Shari M. Huhndorf received her PhD in comparative literature from New York University, and she is currently Class of 1938 Professor of Native American Studies in the Department of Ethnic Studies at UC Berkeley. Her research and teaching focus on the areas of interdisciplinary Native American studies, Alaska Native studies, contemporary literary and visual culture, cultural studies, gender studies, and American studies.

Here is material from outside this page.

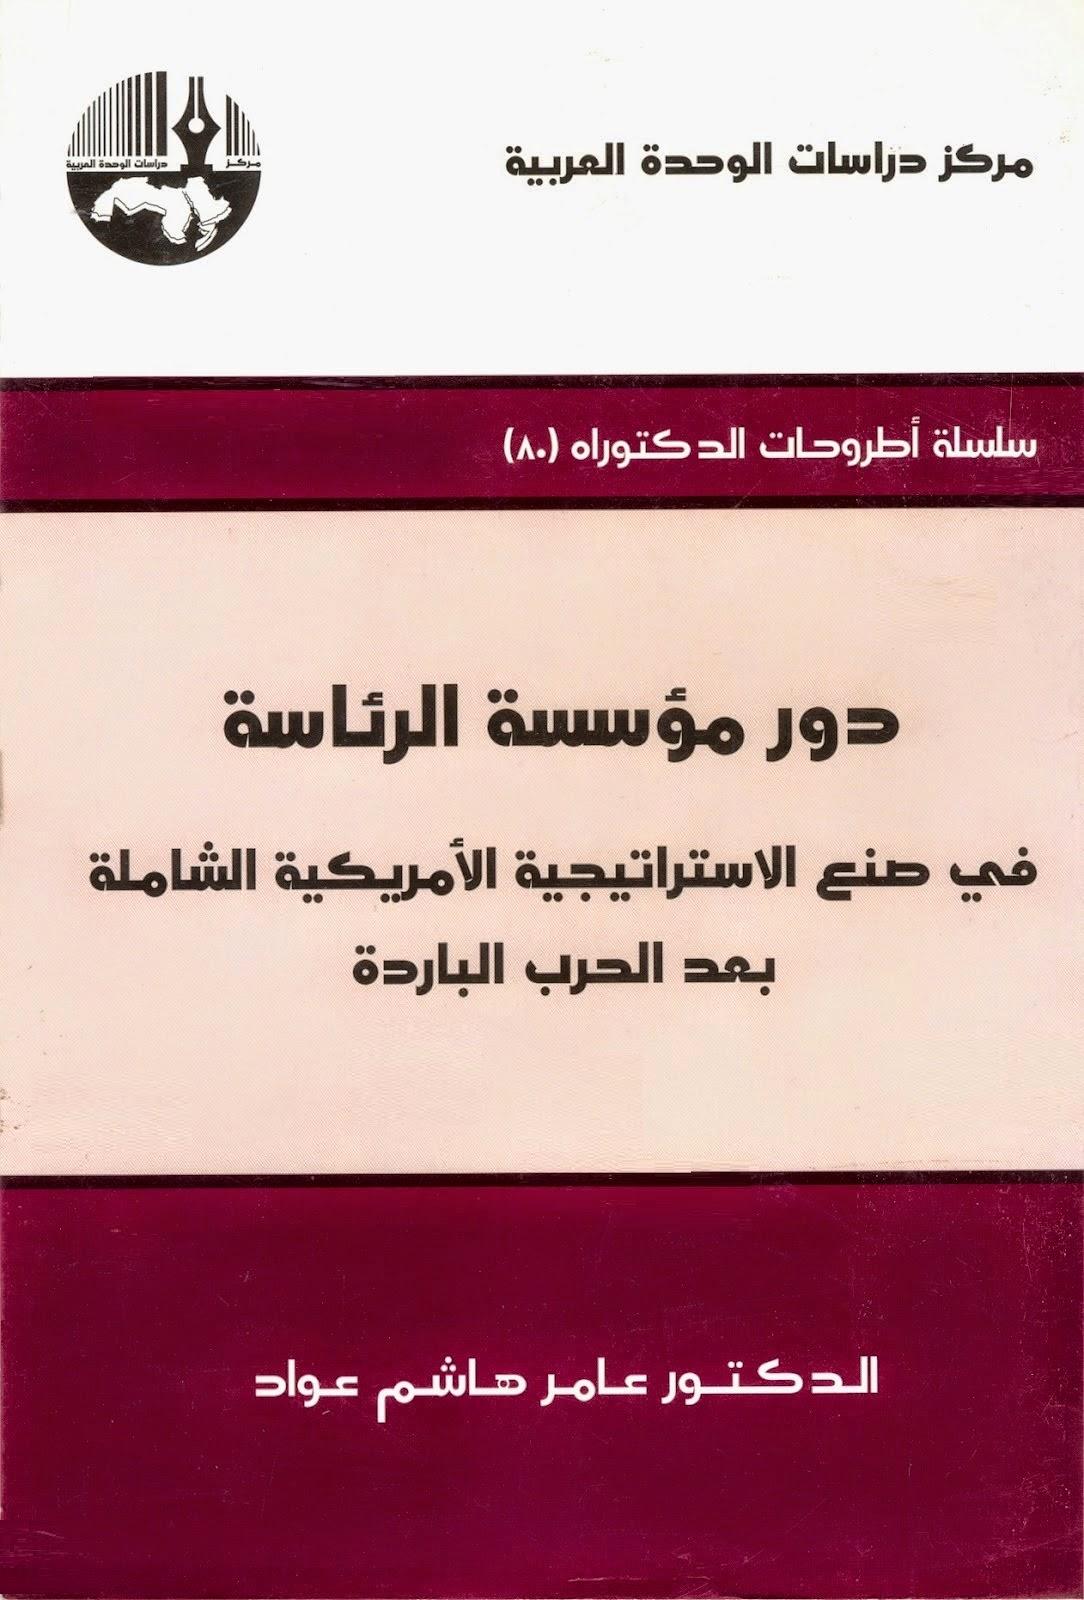 دور مؤسسة الرئاسة في صنع الاستراتيجية الأمريكية الشاملة بعد الحرب الباردة لـ عامر هاشم عواد

Professor Huhndorf is the author of two books, Going Native: Indians in the American Cultural Imagination (Cornell University Press, 2001) and Mapping the Americas: The Transnational Politics of Contemporary Native Culture (Cornell University Press, 2009), and a co-editor of Indigenous Women and Feminism: Politics, Activism, Culture (University of British Columbia Press, 2010), winner of the Canadian Women's Studies Association Prize for Outstanding Scholarship. Another co-edited work, Sovereignty, Indigeneity, and the Law (Duke University Press, 2011), a special issue of South Atlantic Quarterly, won the Council of Editors of Learned Journals award for best special issue of a journal as well, as the award for outstanding indigenous scholarship from the American Indian and Alaska Native Professors Association for 2011. Her work has also appeared in journals including Critical Inquiry, PMLA, American Quarterly, American Anthropologist, South Atlantic Quarterly, Social Identities, and Annals of Scholarship and Signs (forthcoming). She has received major fellowships from the John Simon Guggenheim Memorial Foundation, the Woodrow Wilson Foundation, the Ford Foundation, and the American Association of University Women. Currently she is working on two book projects: a manuscript tentatively titled “Indigeneity and the Politics of Space: Gender, Geography, Culture,” and, with Roy Huhndorf, a history of indigenous land claims in Alaska. She will present on the first of these two works in progress at the Stanford Humanities Center Feminist and Queer Colloquium on October 28, 2019.